On July 23, 1843, housekeeper Nancy Montgomery and master Thomas Kinnell were killed at their mansion in the town of Ridgemont Hill in Western Canada. Nancy was also Kinnel's mistress and was pregnant before her death.

The maid Grace Max and the servant James McDermott prepared to flee to the United States after committing the crime, and were caught by the police at the hotel where they stayed, and the two were tried as accomplices, McDermott was sentenced to death and died on the gallows, but Grace was spared death under the "protection" of lawyers and doctors.

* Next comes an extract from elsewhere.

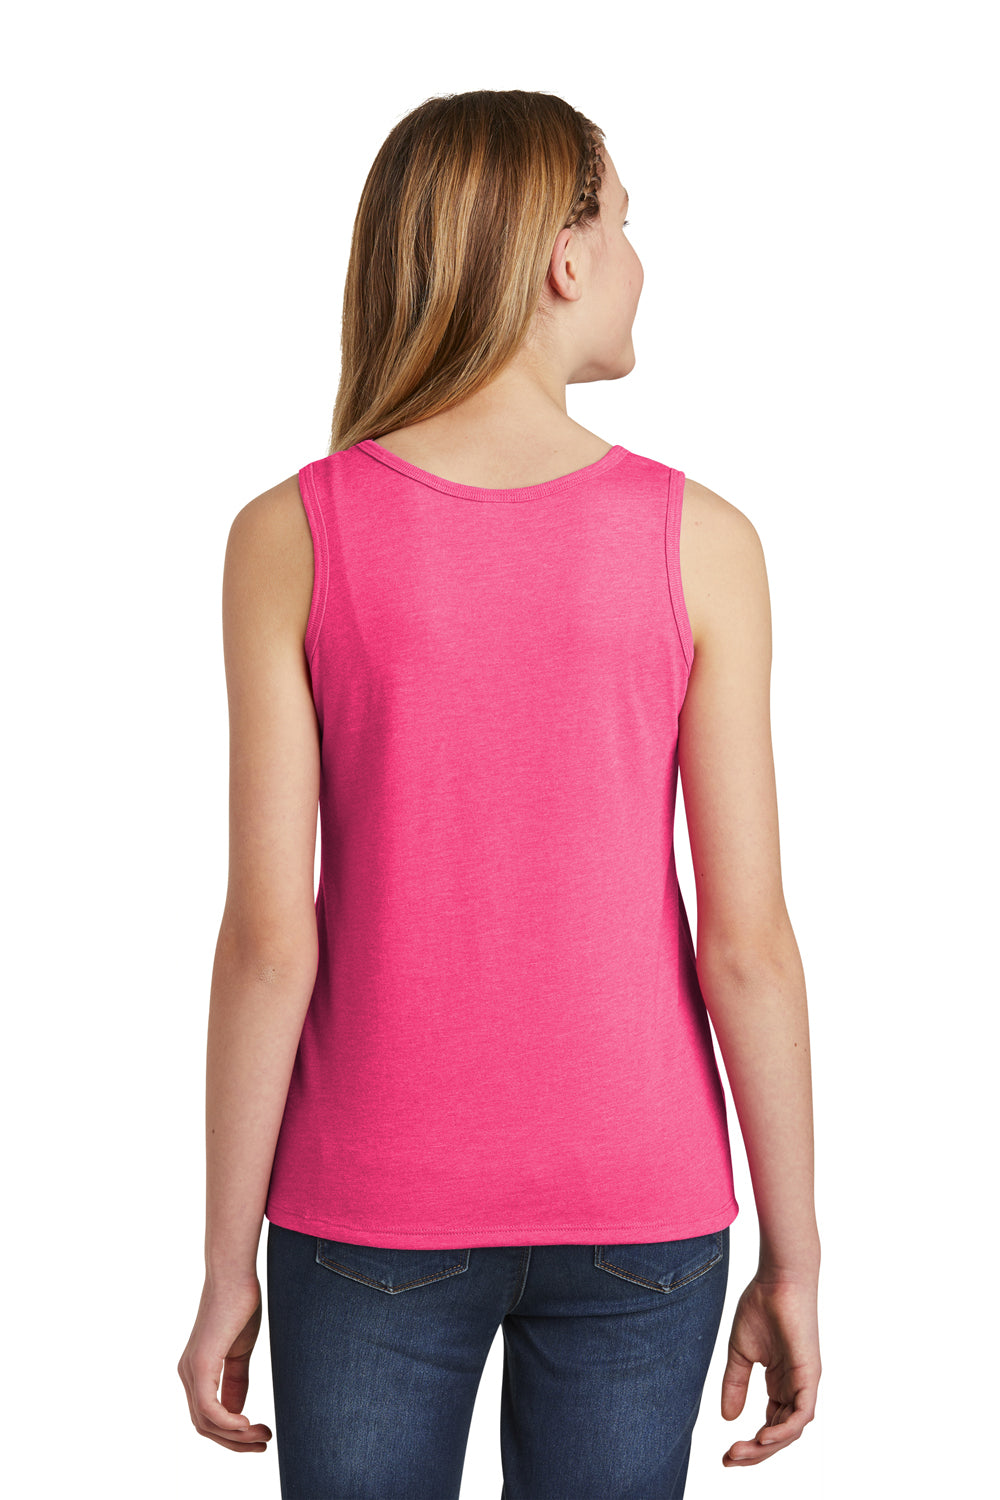 District DT6303YG Youth Very Important Tank Top Fuchsia Pink Back

This is a real murder in history.

A century and a half after the crime, Margaret Atwood used this historical mystery as a basis for a literary reconstruction in the novel Alias Grace.

Atwood weaves the traps and nets of narrative from the case file, stitching together the mid-19th century Canadian social history style paintings from the case file pieces, "the resin of imagination flows into the crevices of historical events", and the legends of "Deadly Women" such as "Peony flowers break out of gray pebbles".

Reading both true and illusory stories, we feel as if we were loaded into the train that escaped the rails and rampaged to the night of murder and creation; in a boat in the rapids, crashing into "reversal" icebergs and "foreshadowing" reefs, listening to siren's songs in the dangerous shoals of "Big Little Lies".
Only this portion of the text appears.